Conversion of forest land to other land classes is even more complicated. This is because forest land behaves counter-intuitively when it comes to groundwater recharge. A densely forested area generally has decreasing groundwater storage, even though forests reduce the surface run-off of water. This is because the forest draws huge volumes of water for its physiological needs. The amount lost in evapotranspiration is, therefore, much greater than the recharge of water.
When forest cover decreases, there has been significant increase in baseflow (Hornbeck, et al. 1993). Baseflow is the water that flows into a river channel from groundwater. This will contribute to surface water storage, but will also reduce groundwater recharge by increasing surface runoff.
Plantations may have a positive impact on groundwater recharge. This is because the patch of land is heavily monitored and rotated continuously. Further, the draft of water in plantations will not be as high as in a dense forest, significantly reducing the losses from evapotranspiration.
If an area turns from a dense forest to a fragmented landscape, it is possible that the open areas would promote groundwater recharge.
Agricultural land and its effect
Agricultural land is probably the land use type that draws the most amount of groundwater. Groundwater gives farmers the autonomy to extract as much water as they want, and it is also a reliable source of water for them.
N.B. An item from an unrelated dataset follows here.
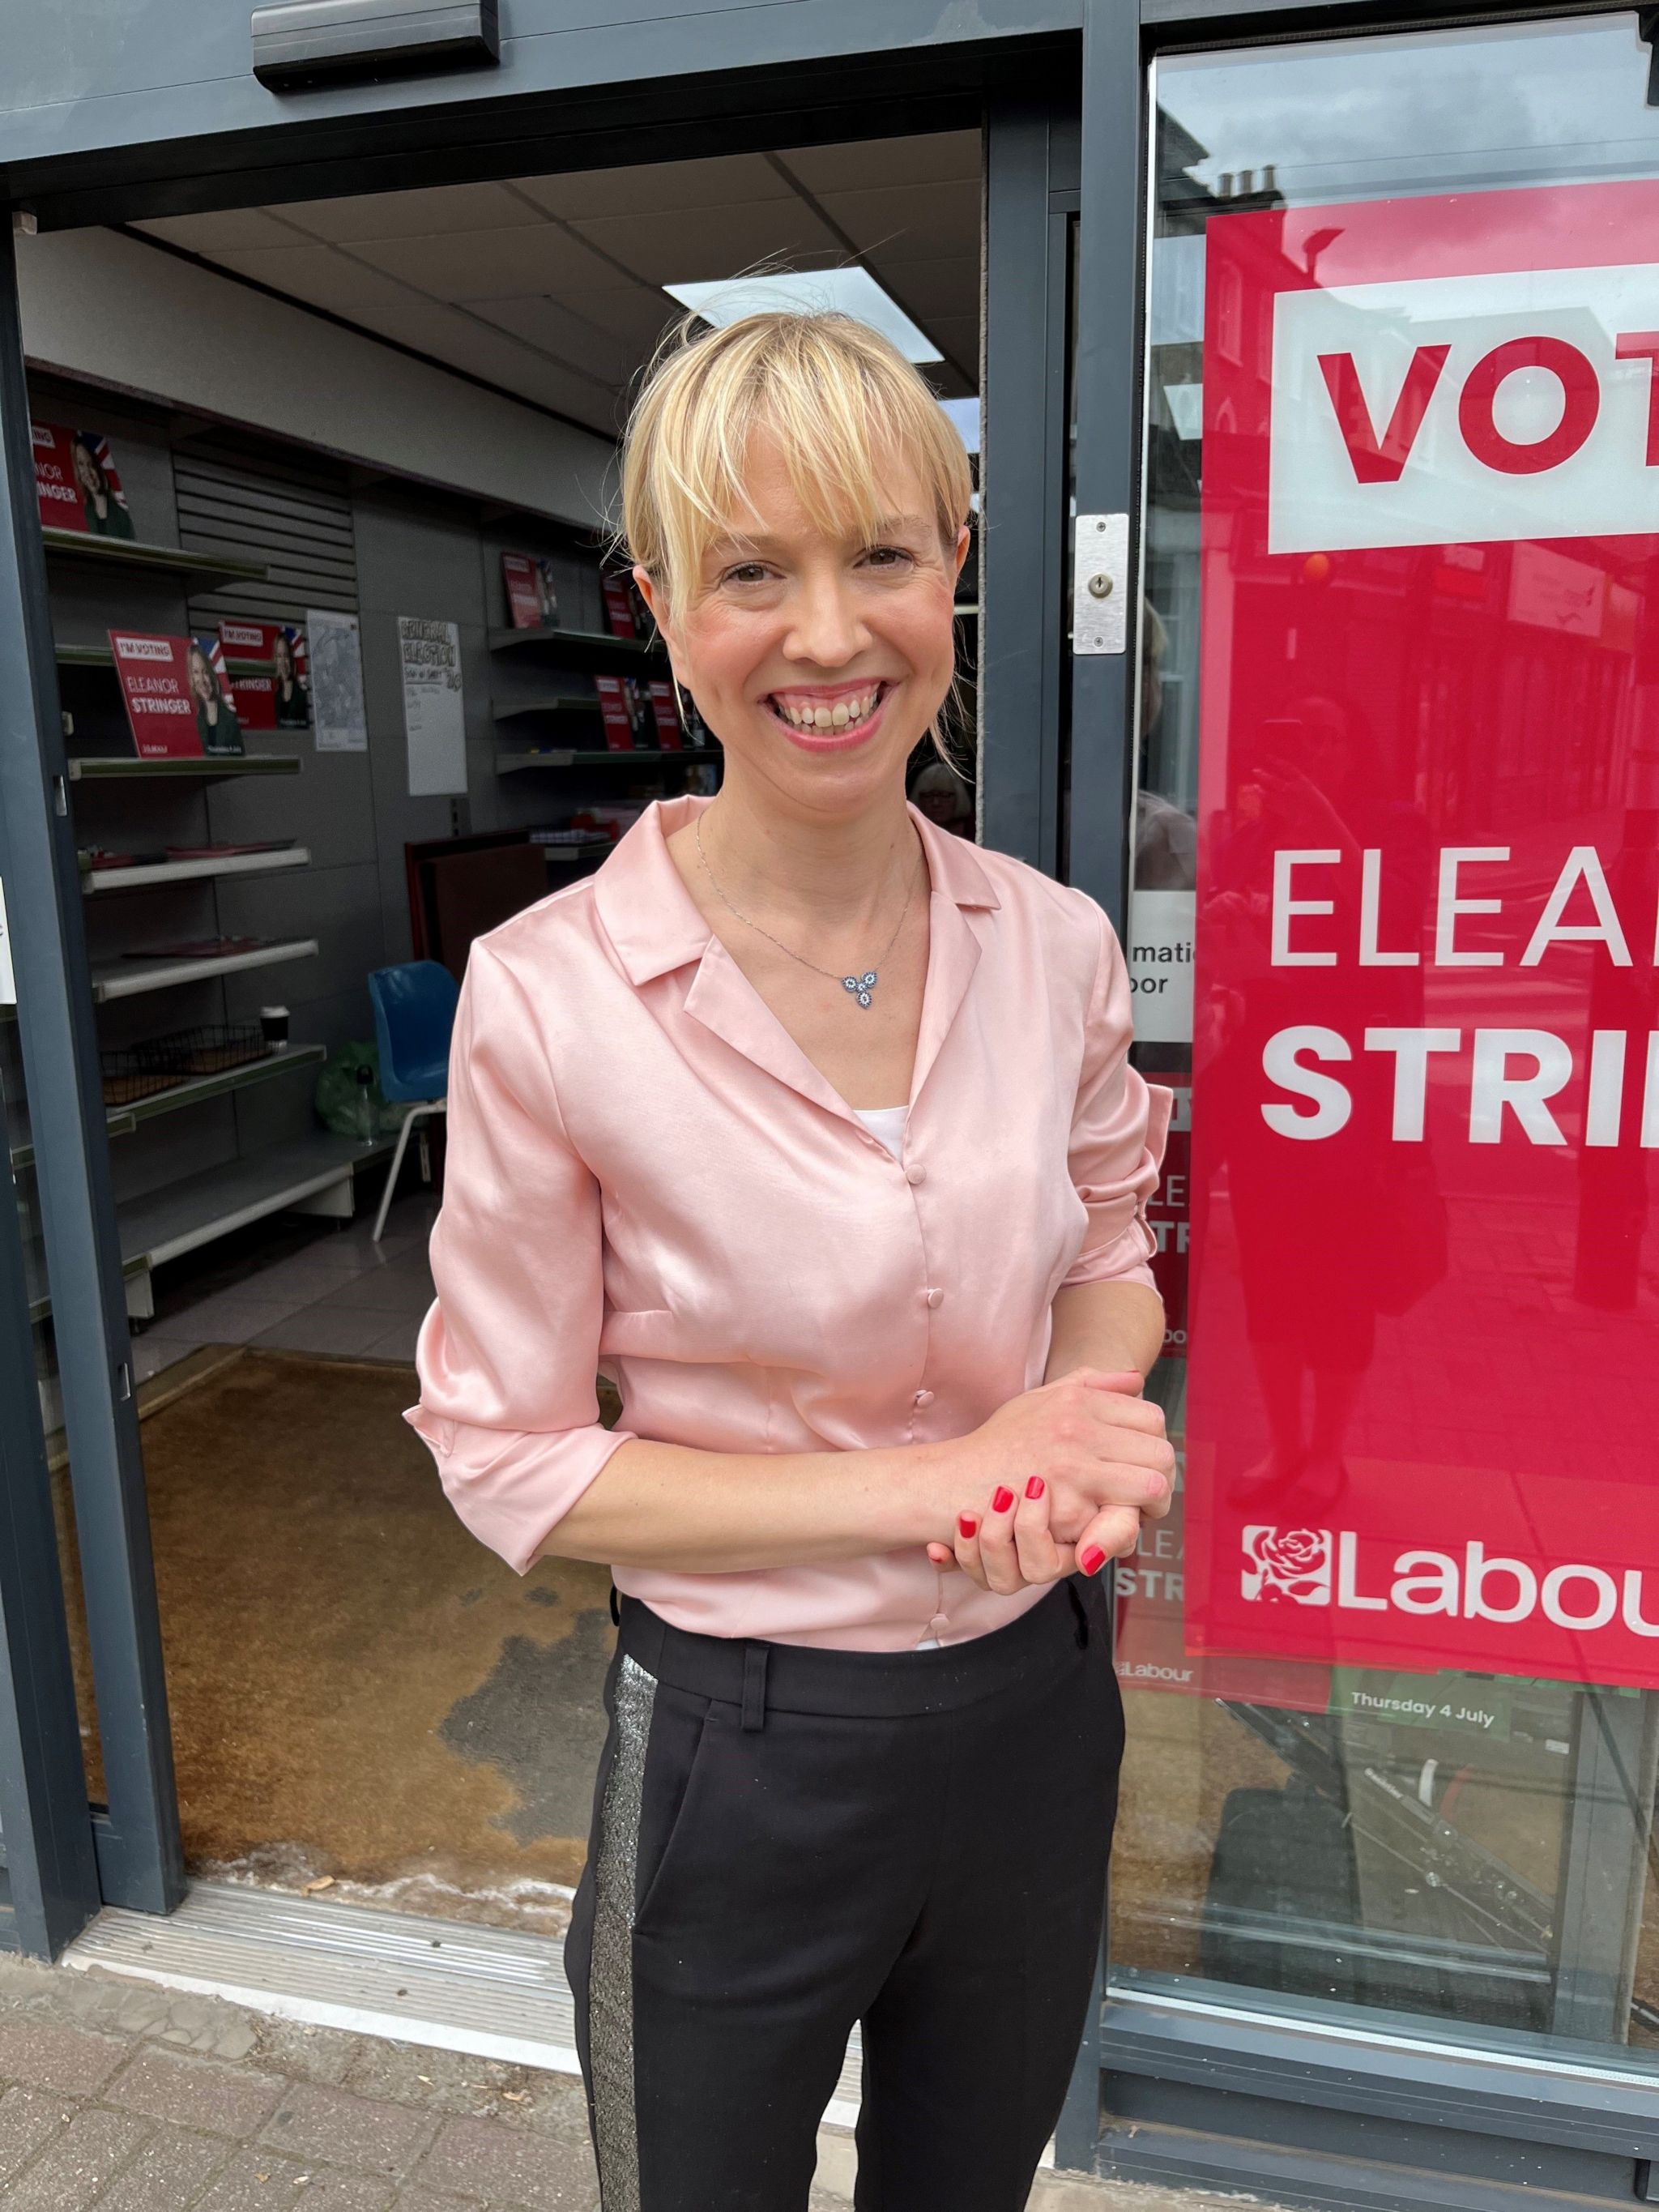 Eleanor Stringer is standing for the Labour Party

Typically, a newly created agricultural land is going to draw a huge amount of water out of the ground, as compared to the draft before conversion. Some amount of this drawn water can percolate back into the water table, but this is not always desirable. Irrigation water is not always fresh, and can contain harmful pollutants in them. If this enters the water table, then the entire aquifer will get polluted.
There is a good amount of recharge from rainfall in agricultural land. This is because in most agricultural lands, surface run-off is reduced and the water is allowed to infiltrate into the soil. The motive to reduce surface run-off is not to increase groundwater recharge; it is to prevent soil erosion. Groundwater recharge is simply a happy by-product.
Land fills and other artificial structures
Landfills are notorious for the pollution they can cause to the water table if they are not managed properly. Typically, waste lands are used for creating landfills, and the leaching water any little water from the wastes can enter the aquifer. Rainfall in these areas can easily find it’s way to the aquifers if the soil is permeable, and great care needs to be taken that the aquifer does not get polluted.
Significant amount of groundwater recharge can take place when artificial surface water storage structures are created. Dams, ponds, lakes, and canals all allow water to infiltrate the soil below and enter the groundwater storage.
However, in some cases these structures are lined with concrete to prevent water losses. This, obviously, will decrease the recharge significantly.
Regulation is important…
It is extremely important that land use and land cover changes are properly regulated so that groundwater recharge is not adversely affected. In areas undergoing change, various measure can be taken to promote groundwater recharge. The bottom line is that groundwater is a very, very important water resource. It cannot be taken lightly.
- Hornbeck, J. W., M. B. Adams, E. S. Corbett, E. S. Verry, and J. A. Lynch. 1993. “Long-term impacts of forest treatments on water yield: a summary for northeastern USA.” Hydrology 150 (2-4): 323-344.